И начался рассказ об удивительных и необыкновенных событиях. Ксендз Людвик уже неоднократно слышал эту историю, однако вскоре позабыл и о курении; сдвинув очки на лоб, он слушал с возрастающим вниманием и, кивая головой, повторял: «Угум! Угум!», или восклицал: «Иисусе, Мария! Ну и что же?» Мы с Селимом сидели плечом к плечу и, уставясь на отца, жадно ловили каждое слово; но ни на одном лице впечатление от рассказа не отражалось так живо, как на лице Селима. Глаза его горели, как угли, щеки пылали румянцем, наружу выступала горячая восточная натура, как всплывает наверх масло. Он едва мог усидеть на месте.
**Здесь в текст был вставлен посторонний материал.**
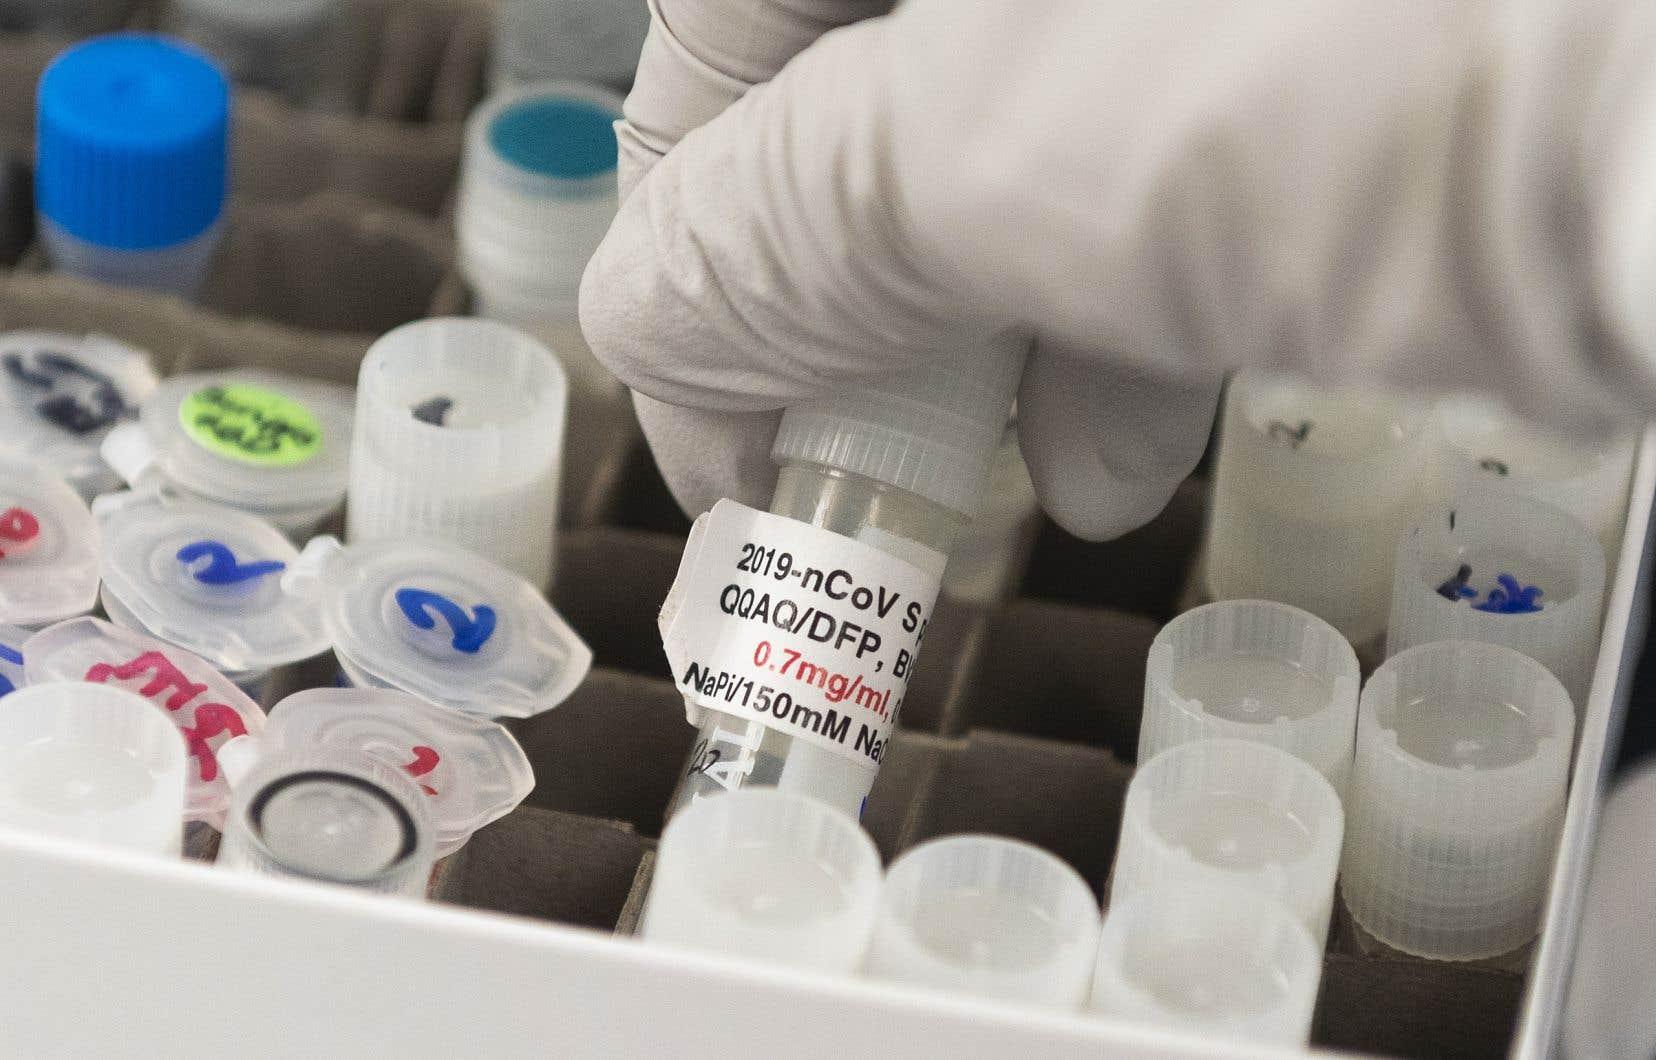 Santé Canada dispose de son propre système d'examen de l'innocuité, de l'efficacité et de la qualité des vaccins qui lui seront soumis, et s'assurera que les bénéfices que procure un vaccin l'emportent sur les risques qu'il comporte.

Мадам д'Ив, взглянув на него, улыбнулась, глазами показала на него Гане, и они обе стали смотреть па него: их забавляло это лицо, подобное зеркалу или водной глади, в которой отражается все, что только приблизится к прозрачной поверхности.
Сейчас, вспоминая эти вечера, я не могу думать о них без сердечного волнения. Много воды в реке и облаков на небе уплыло с тех пор, но крылатая память снова и снова проносит перед моим взором картины деревенского дома, тихой летней ночи и дружной, любящей и счастливой семьи: старый, убеленный сединами ветеран рассказывает о былых превратностях судьбы, у молодежи сверкают глаза, а дальше — личико, как полевой цветок... Эх! Много воды в реке и облаков на небе уплыло с тех пор...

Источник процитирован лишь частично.